Los vasos de plástico con los restos
de cerveza volaban por encima de
nuestras cabezas, el movimiento de la
marea era constante, aunque descontrolado, e intentando seguir el ritmo trepidante de la
música en directo del estupendo grupo de punk-rock que actuaba en ese momento.

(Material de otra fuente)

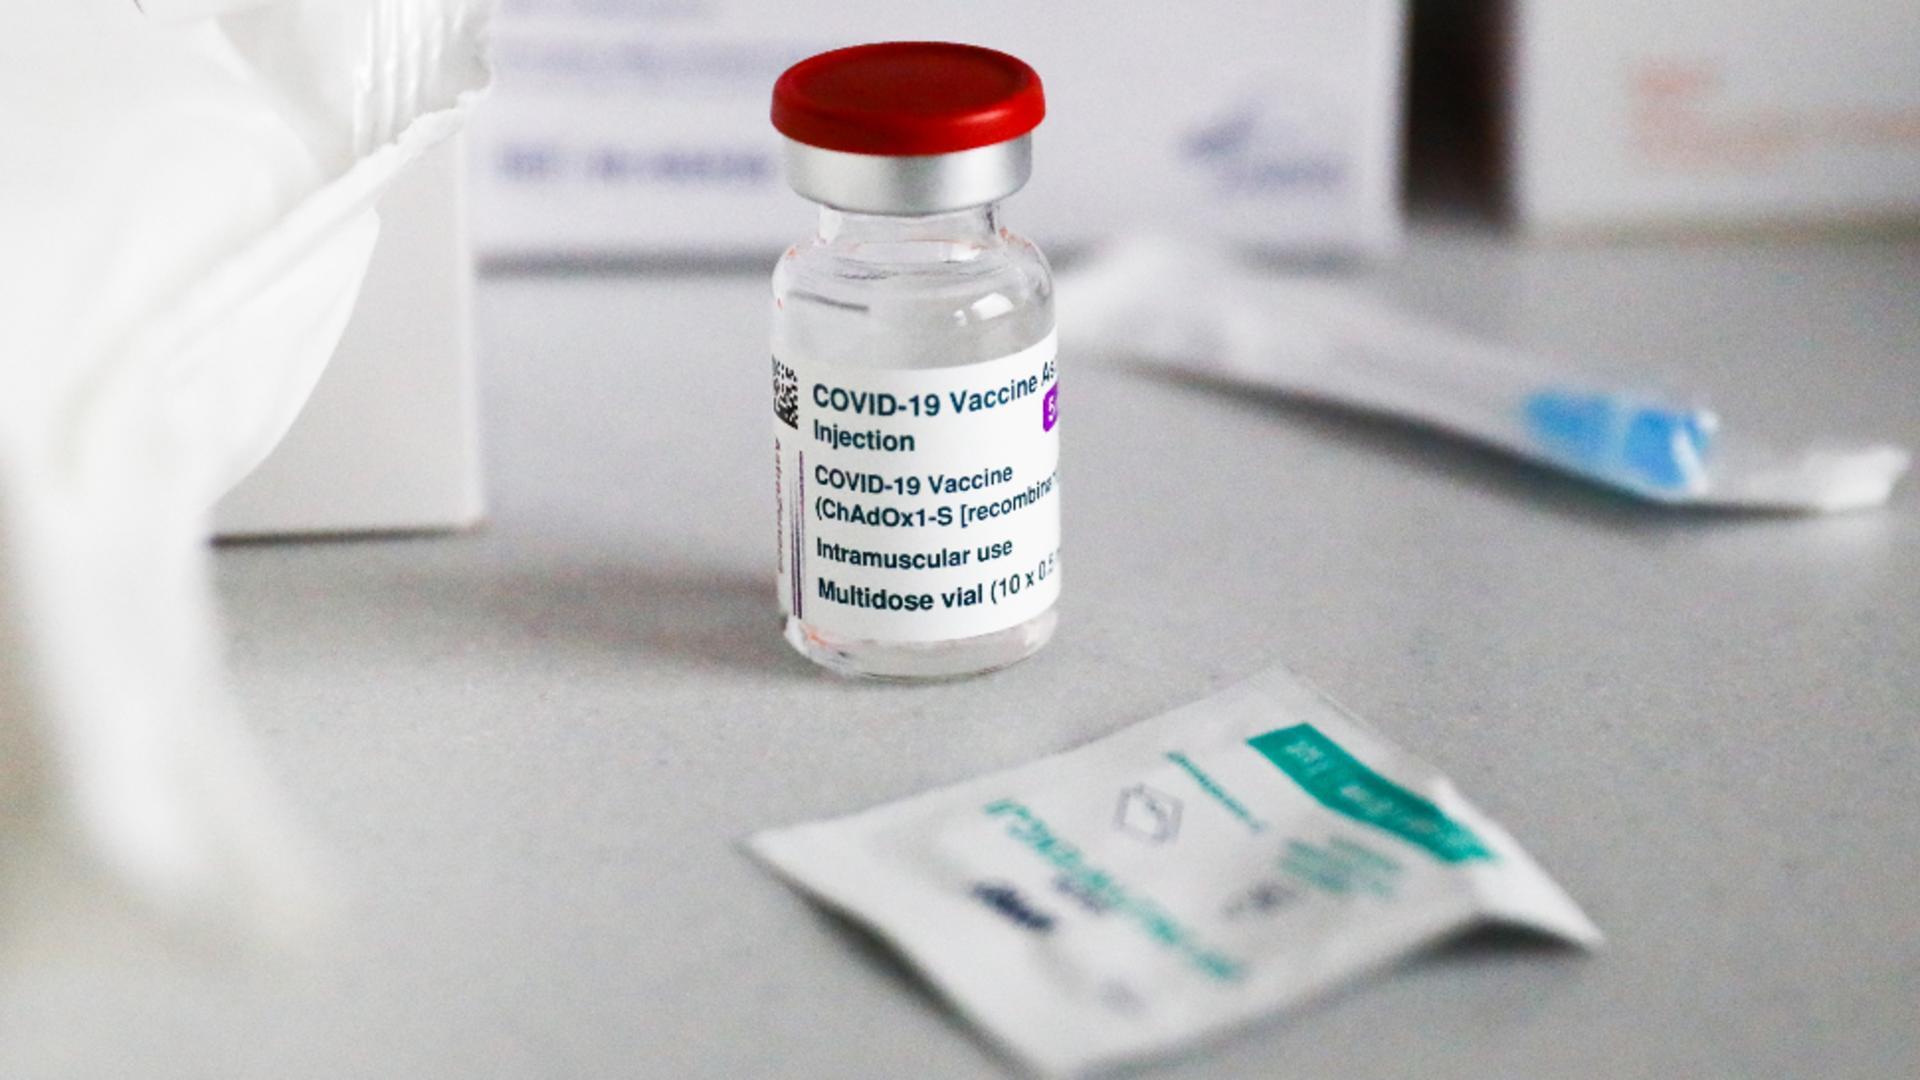 Suedia nu mai vaccinează la rapel cu AstraZeneca persoanele de peste 65 de ani. Foto/ProfiMedia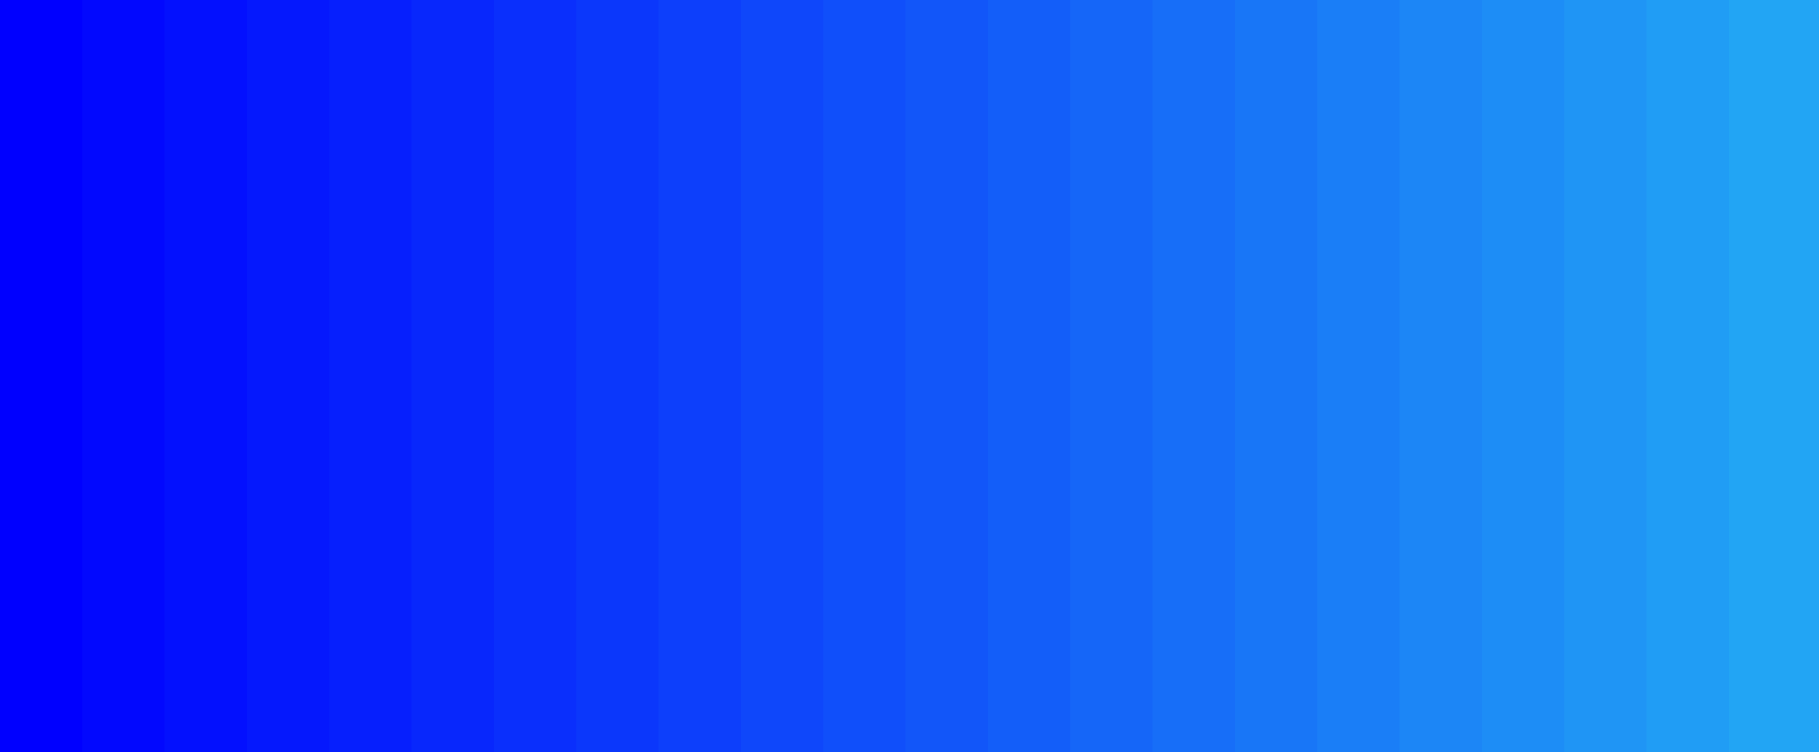 a blue gradient

El perfil de los asistentes era variado y pintoresco, desde los que vestían de la forma más usual o
los más cercanos a la tribu; con sus
crestas, cremalleras, tatuajes y camisetas rotas. Todos unidos en una perfecta
armonía, creada gracias a la poesía
reivindicativa que eran esas letras maravillosas junto a ese sonido urbano. El
flujo de personas era intenso, no había un momento de quietud. Cuando no
pisabas a alguien, te pisaban a ti, los empujones y choques eran constantes
(todos de buen rollo, eso sí). Otros no paraban de pasar cargados con vasos
hasta el borde de bebida que iban derramando encima de quien tenían al lado en
su intento de llegar al sitio que ocupaban antes. El suelo estaba pegajoso y el
ambiente cargado de olores diferentes;
alcohol, hierba y sudor eran los
predominantes. Las caras de satisfacción estaban concentradas en el escenario y
nada importaba salvo pasarlo bien ¡joder, estábamos de concierto!
Después de varias horas, con muchas
cervezas ingeridas y en pleno éxtasis musical, me encontraba arrinconado a un
lado de la sala, apoyado en la pared.
Unas manos voraces y sedientas de pasión recorrían mi cuerpo por debajo de la
ropa de manera concienzuda: cuello, hombros, espalda, ingles, barriga, pecho,
pezones... caricias que me transportaban a un estado muy placentero. Lola se
había unido desde atrás a mí. Me abrazaba, me acariciaba, su lengua dejaba su
rastro en mi cogote y en los lóbulos de
mis orejas. Yo, totalmente embelesado, giraba mi cabeza hacia ella mirándola de
vez en cuando y sin parar de moverla al
ritmo de la música, circunstancia que ella aprovechaba para devorarme los
labios. En más de una ocasión fue muy fácil olvidarse del resto del mundo
mientras nuestros cuerpos se dejaban llevar de manera instintiva.
La actuación llegó a su final, en ese
instante solo pensaba en salir de ahí y
culminar la noche con mi pareja. Henchido de pasión, con una presión en los bajos insoportable y
cogidos de la mano nos fuimos entre empellones hacia la salida.
El frío de la noche nos golpeó de forma
cruda en la cara. La sangre comenzó a llegar al cerebro después de tanto tiempo
retenida a mitad de camino. La realidad se reía de nuestro momento de
felicidad; la temperatura no invitaba a
perdernos en ningún solar, no teníamos vehículo y apenas dinero para un taxi.
Nos miramos a la cara, una amarga sonrisa de impotencia se apoderó de las
mismas, tendríamos que esperar a mejor ocasión.